Jesse and Celine had had a brief affair nine years ago, when they were both traveling on the Eurail. Their encounter is the subject of an earlier Linklater film I have not seen (Before Sunrise), but not having seen the original film doesn’t diminish this one. In fact the affair had a sort of confidential intensity since Linklater doesn’t dumb down this film with gratuitous flashbacks. We aren’t necessarily party to the intimacy Jesse and Celine shared as young adults, and don’t see the acts that have left such an impression on their lives.

What we do see is the aftermath of this event, and we must reconstruct it from the importance the characters give it, the way their lives have circled this otherwise inconsequential incident.

Jesse is in Paris pushing his first novel, which is not coincidently about his one-night encounter with Celine. She meets him at a bookstore where he’s signing copies of the book and the pair saunter through the streets of the City of Light. They had agreed to meet after the train trip, nine years ago, but there was a tragedy in Celine’s family and prevented her from showing up.
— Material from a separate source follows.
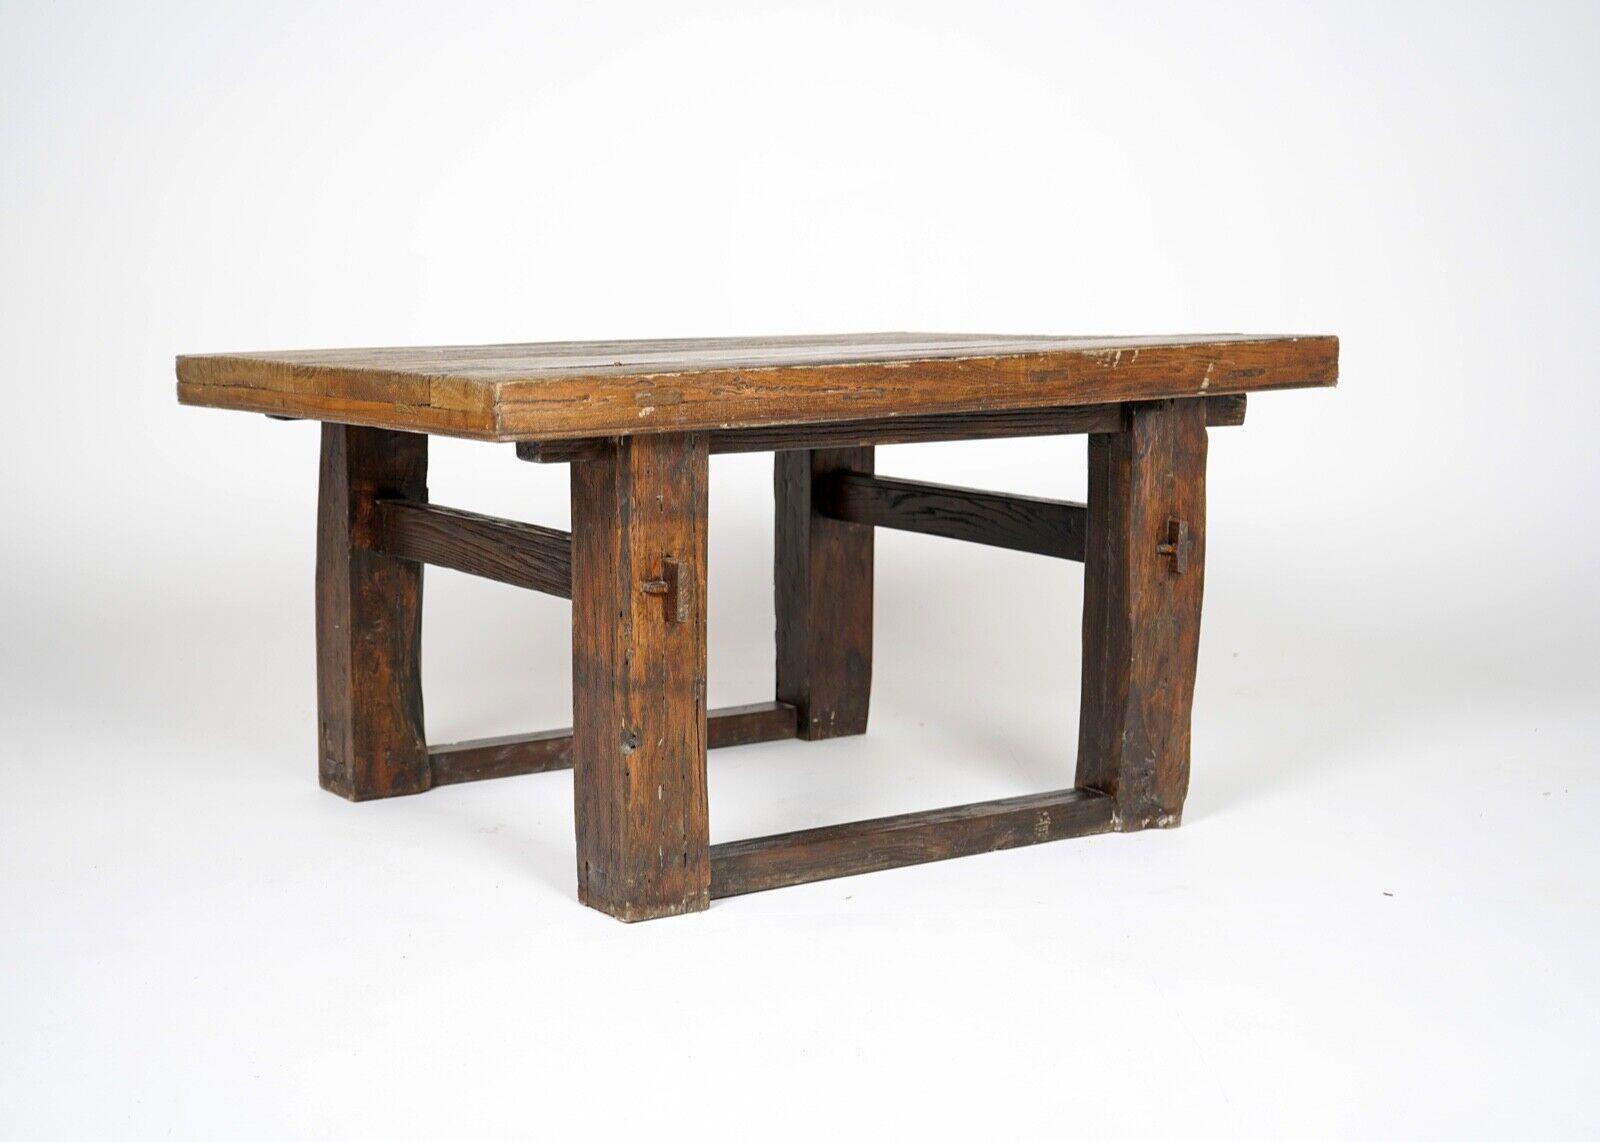 20th Century Antique Wooden Rustic Primitive Rectangular Coffee Table

At the time they had agreed not to exchange numbers, afraid that doing so would make it feel like a trivial date.

In the years since neither has found the sort of connection they had with one another when they were both in their early 20s.

“I remember that night better than entire years,” Jessie says. His book was an existential declaration that it had happened, it was real, but it was also intended as a sort of message to let Celine know that he hadn’t forgotten her. At first she plays coy, pretending not to recall the details of their meeting, but it’s obvious that the night marked both of them for life.

Jessie and Celine rush toward one another just as time is pulling them apart. Jessie’s plane leaves that evening, and the real world seems intent of driving them apart again. They try to connect what time they have with each, digging deeper and deeper until they reach a climax.

Part My Dinner with Andre and part Lost in Translation, Before Sunset is a sweet, sometimes talky film about the moments that make up our lives. The sad fact is that life did move on, burying the people Jesse and Celine were and forcing a wedge between their adult selves, and as they talk their conversation invariably returns to that one night, in 1994, when everything was right in the world and these people had their whole lives in front of them.

Now they are in their 30s. They’ve survived disillusionment and heartbreak, but they never survived one another. When they’re debating ecology or coffee shop etiquette, they’re really avoiding discussing that day, as though it is too tender to bring up. And when they’re talking about that day they’re treading carefully, thinking perhaps that the experience is too fragile and beautiful to survive in the real world.

You can see the sparks across the table as they drink coffee. Linklater’s dialog is lively, realistic and smart, though it does occasionally become preachy. Hawke and Delpy save Before Sunset from becoming stilted and purely intellectual, like Linklater’s Waking Life. There’s real chemistry between these characters, and the cast and Linklater are smart enough to fill in the gaps left between extended soliloquies with gestures, expressions, and other nice touches.

Many of us recall Hawke as the prototypical Gen-Xer from his portrayal of cool, ironic disenfranchised young people in films like Reality Bites, but here he wears his suffering on his face. Hawke looks like he’s in his 30s, and every line on his face describe moments of pain, loss, failure and struggle. Mark this moment, boys and girls, because Before Sunset is the first Generation X, mid-life crisis film.

The fragile, scatterbrained, precocious children they were have grown into fragile, scatterbrained, precocious adults, and a part of them remains untouched. Yes, the too sensitive romantic in them has been hurt, they sting from the failures of their romantic lives, and worry that they’ve become deadened by the years, but the film is such a tender celebration of love that what we leave the theater with isn’t a feeling of regret: It’s a confirmation that every connection we make is precious.